2.  The speakers weren’t famous. They weren’t celebrities promoting a cause, nor were they recognized leaders of organizations or companies. This wasn’t the Sacramento Speaker Series. Part of what made the presentations interesting was the ability to see yourself in the speakers: hey, they weren’t famous or rich and they saw a way to do something!

3.  Every presentation had a good hook. Nine year old Tanishq Abraham began his presentation, “I know what you’re thinking. Why college at age 7?” It was so ludicrous that it worked. (Of course just seeing a 9 year old address an audience of 500 with a precocious intelligence is jarring all by itself.

4.  They used stories effectively. Sasha Orloff described how “Michelle” got stuck in the debt trap when she needed immediate access to funds to pay medical bills. Greg Gopman put us on the scene as he talked self-taught Errol out of quitting New York’s biggest hackathon. “I was there when he walked out with the first place prize for the first application he ever built. He called me last week and told me he just raised $1 million for it.” Taniqsh and Sandi Selvi (the M.S. survivor) used their own powerful stories.

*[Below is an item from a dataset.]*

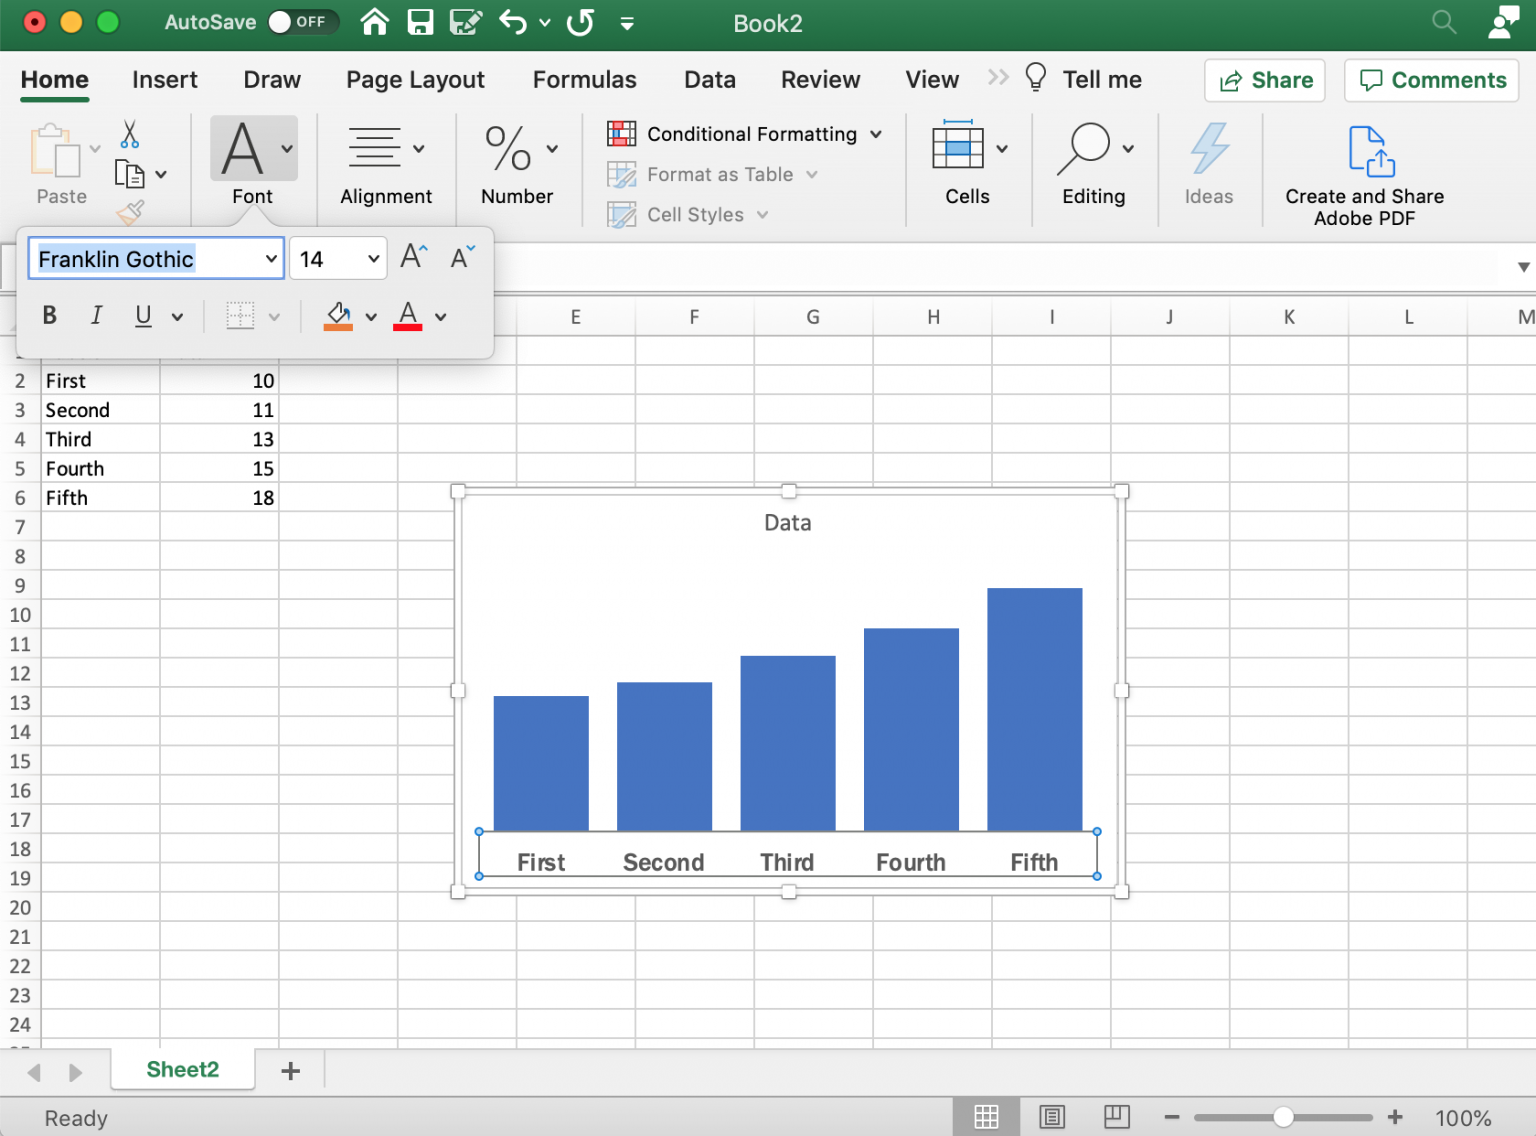 How to Create Bar Charts in Excel

5.  They talked short. The beauty of TED and TEDx talks is that they are blessedly sweet. They don’t try to make a whole bunch of points. They make one point.

6.  They used humor. Okay, occasionally the funny lines were pretty obviously written by someone else for the speakers. You could almost imagine the Speaker Developer saying, “We need something a little light here. How about saying…” But the humor worked.

7.  They posed a question or offered a few lessons – no more than three. Brain science tells us that people can’t remember more than about seven things in a list (no mystery as to why telephone numbers are 7 numbers long). Sasha Orloff knew that the reputation of payday lenders is terrible, and deservedly so, but he reframed the sector by looking at the problem: people who can’t get loans from banks still need access to funds on a short-term basis, and a way to build credit. But he broadened out the appeal of his presentation by provocatively asking, “How can you rethink broken?”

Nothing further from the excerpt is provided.